There also are industrially available suspensions of microorganisms selected
to do such tasks as eat the crude petroleum spilled around an oil well, or
eat the gasoline leaked around a service station.
And on a less universally-agreed-upon note, a strong case can be made that
HeLa cells constitute an entirely new species of microorganism, one uniquely
adapted to the man-made environment of cancer research labs, which are no
longer human cells. Many cancer researchers refuse to have them in their labs
because of the way that HeLa cells will invade other cell cultures, compete
with them, and actually destroy them. I understand that there also has been
some genetic drift from the original material taken from the patient
pseudonymously known as Helen Lane.
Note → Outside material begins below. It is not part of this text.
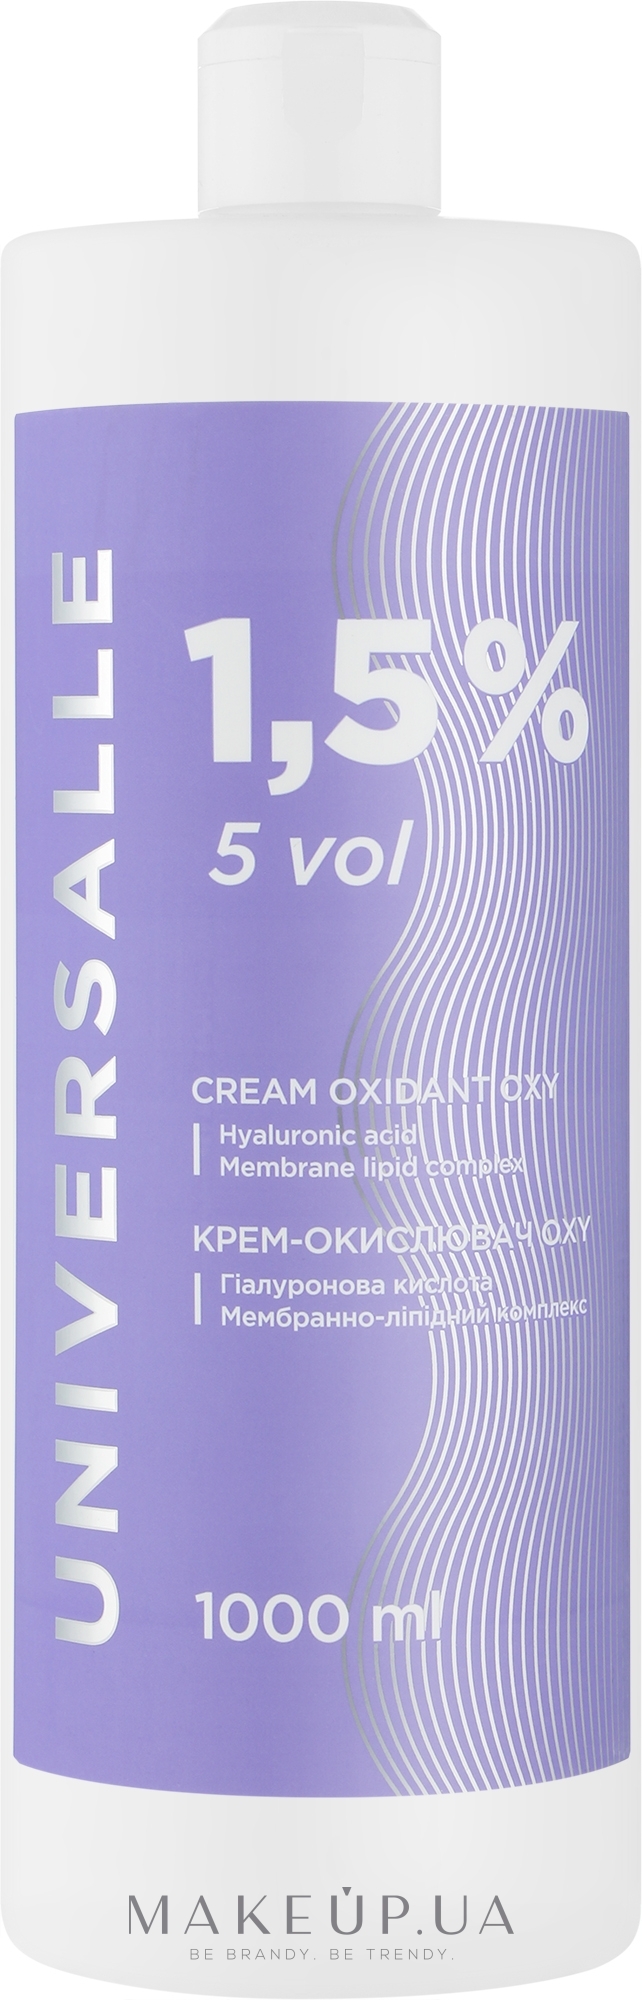 Крем-окислювач 1,5% - Universalle Cream Oxidant Oxy — фото 1000ml

Reasonable people may disagree, but I
think the evidence is good that HeLa cells can be called a species of
organism which has come about in our own era, evolved from human beings but
not human.
[By the way, speaking of controvery, has anybody read Barry Commoner's lead
article in the February issue of Harper's Magazine (not to be confused with
Harper's Bazaar)?]
Finally, I want to make a suggestion which I hope merits your most serious
consideration: I suggest that anti-evolution sentiment has turned into a
defense of the notion of species as real entities, or essences. As you can
tell from what I have written above, I do not think that species are real
entities; I think they are simply groups of organisms manifesting many but
not all traits in common. I am not a fan of the "jump" or "sudden break"
theory of evolution; I am a gradualist.
What this all implies is: I personally suspect that anti-evolution beliefs
are arguing against a straw man. Personally, I would like to see an
antievolution case made against gradualist evolution.